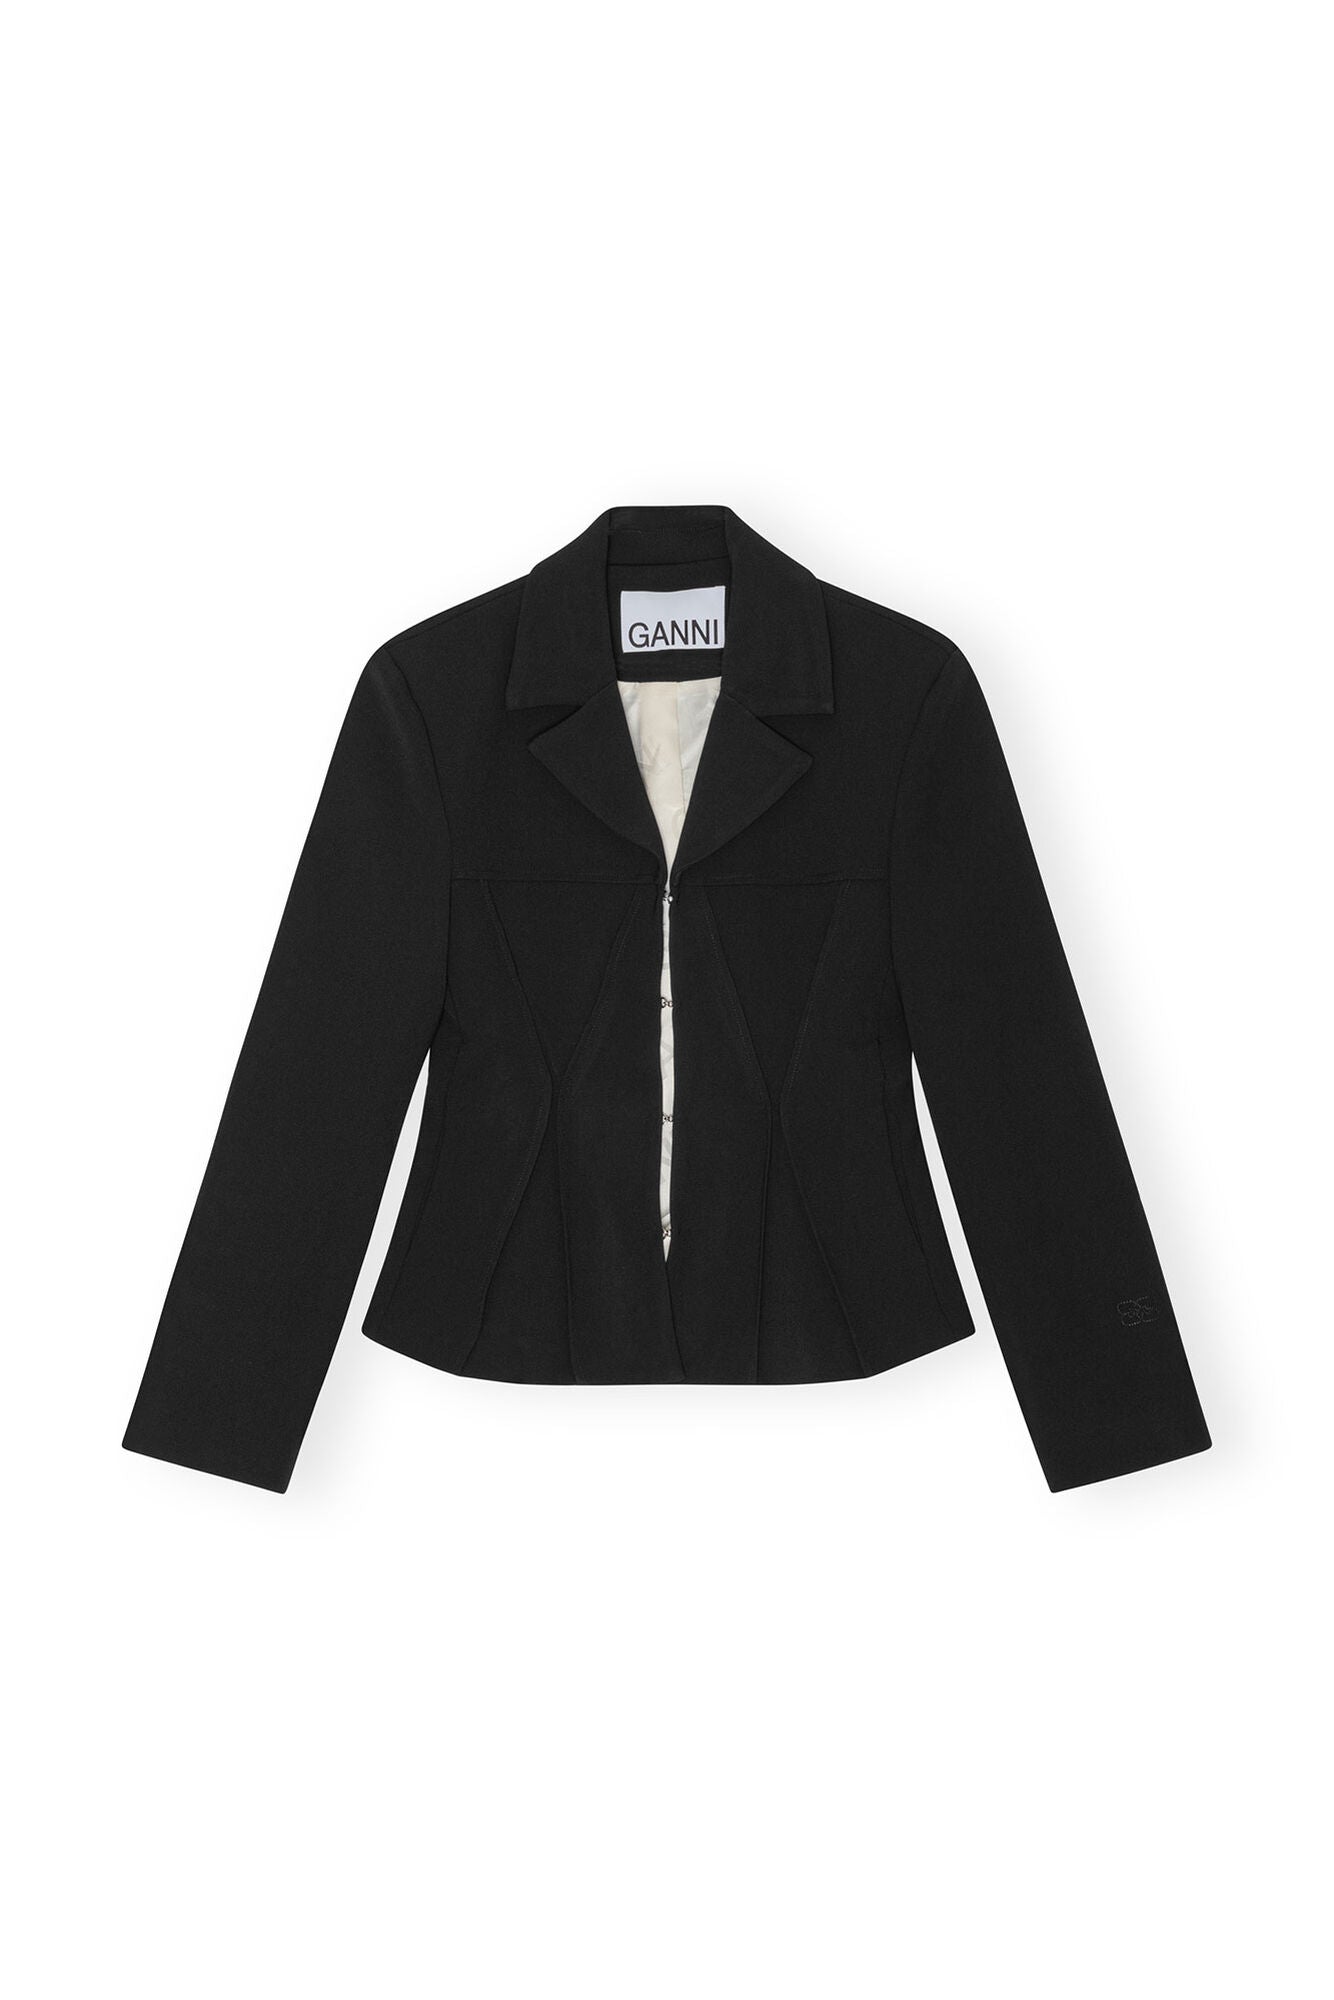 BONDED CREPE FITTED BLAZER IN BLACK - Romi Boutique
━━━━━━━━━━━━━━━━━━━━
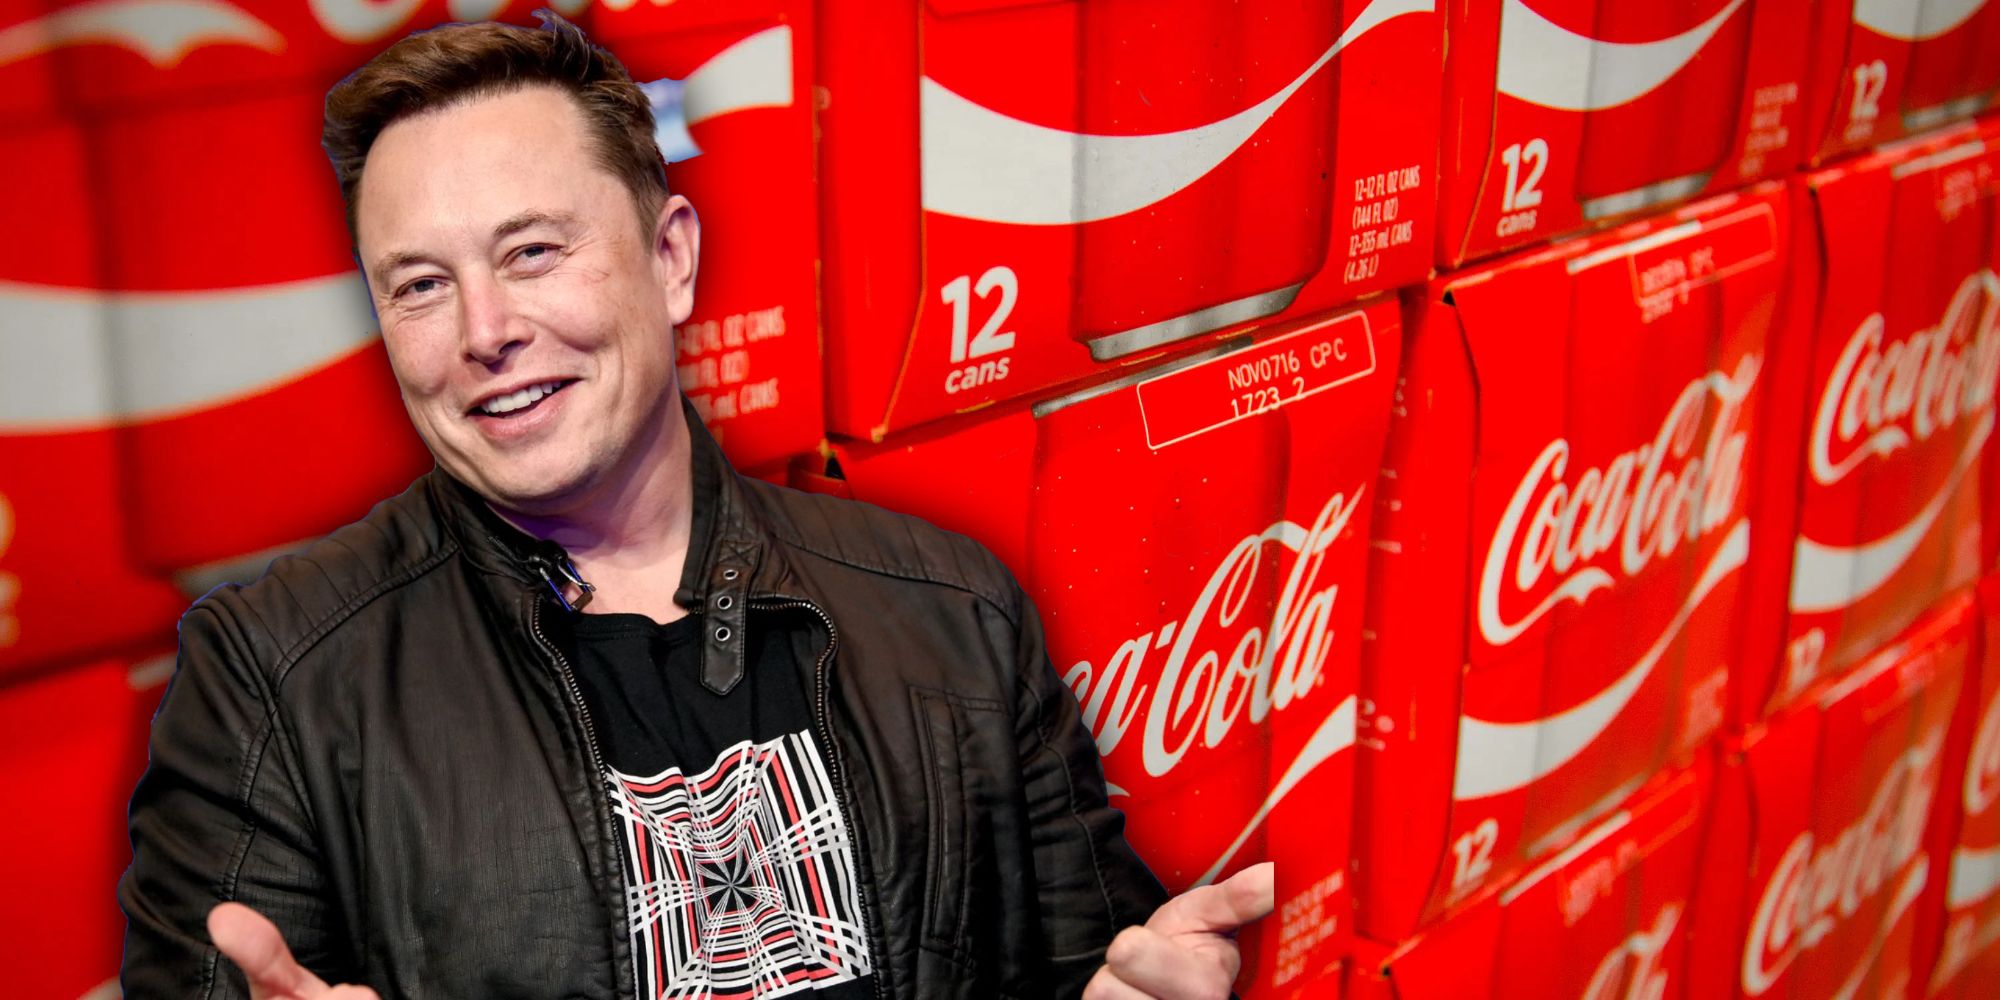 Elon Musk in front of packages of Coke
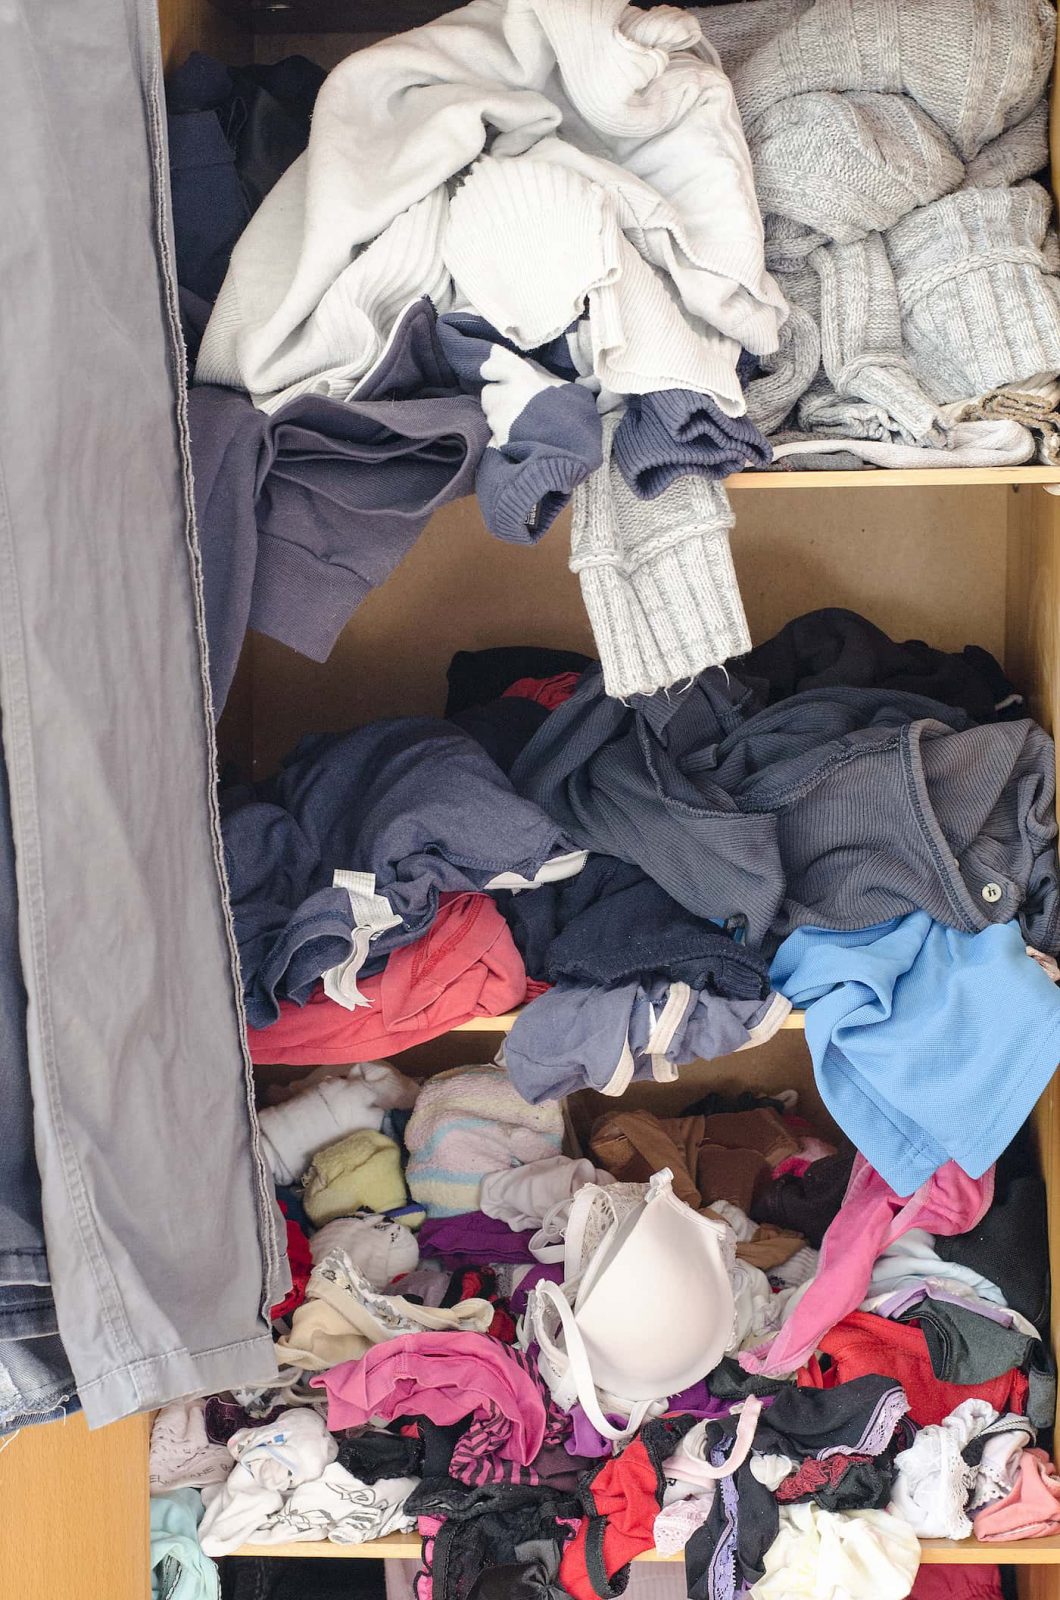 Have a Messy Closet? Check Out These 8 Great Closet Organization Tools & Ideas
━━━━━━━━━━━━━━━━━━━━
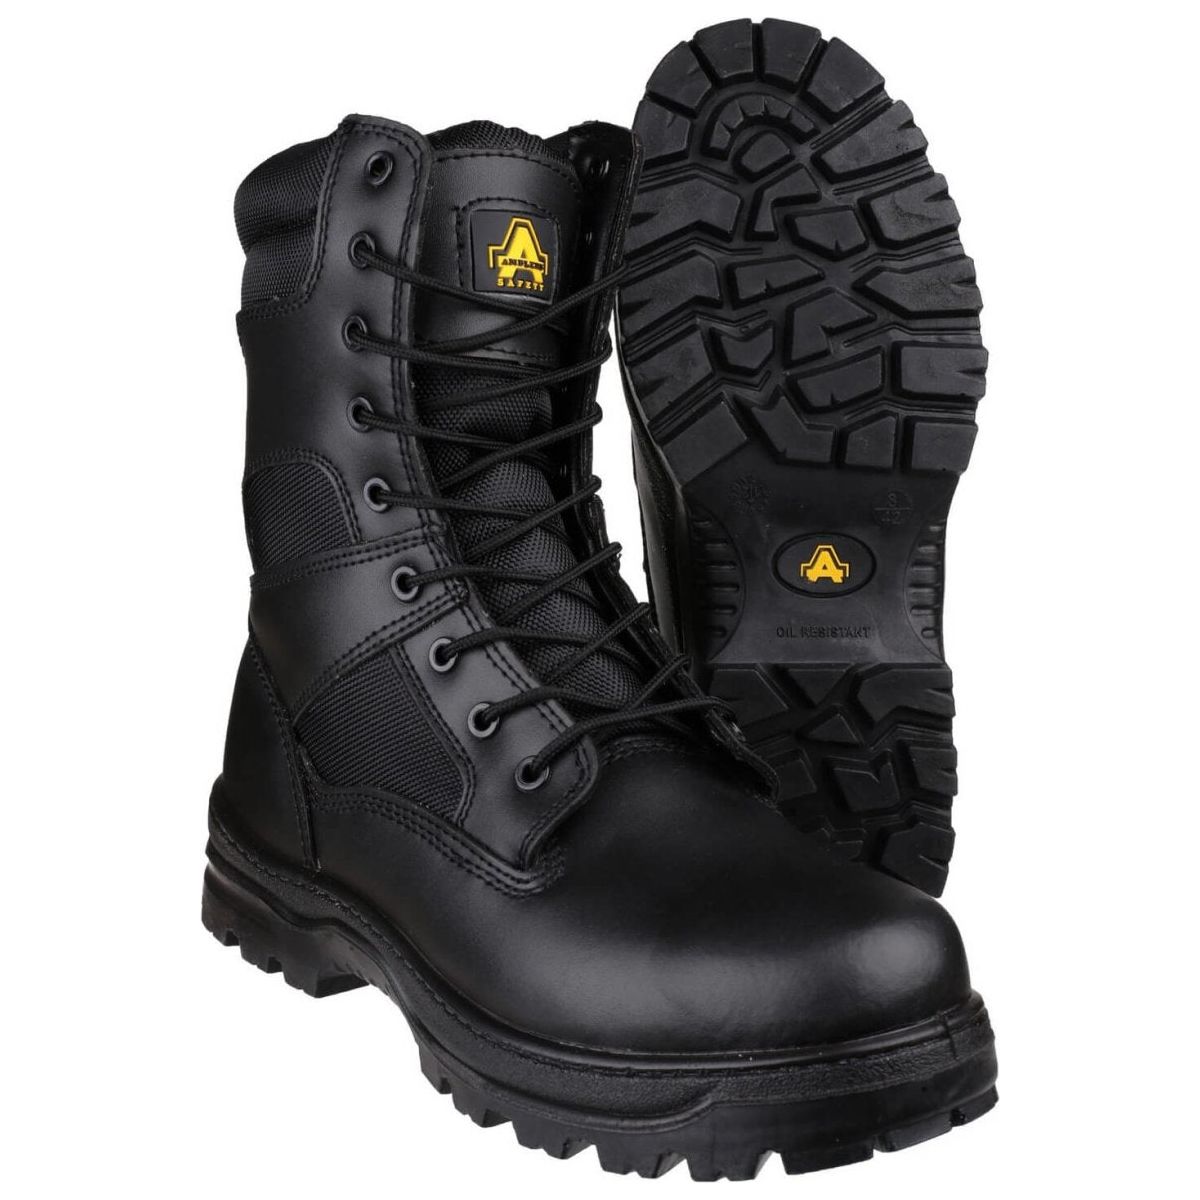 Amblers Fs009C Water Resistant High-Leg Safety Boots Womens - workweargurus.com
━━━━━━━━━━━━━━━━━━━━
:: To do ::
No picture is to be printed. Output exactly the lines above from the line containing "Elon Musk in front of packages of Coke" through the line containing "Have a Messy".

:: Written solution ::
 Elon Musk in front of packages of Coke
 Have a Messy Closet? Check Out These 8 Great Closet Organization Tools & Ideas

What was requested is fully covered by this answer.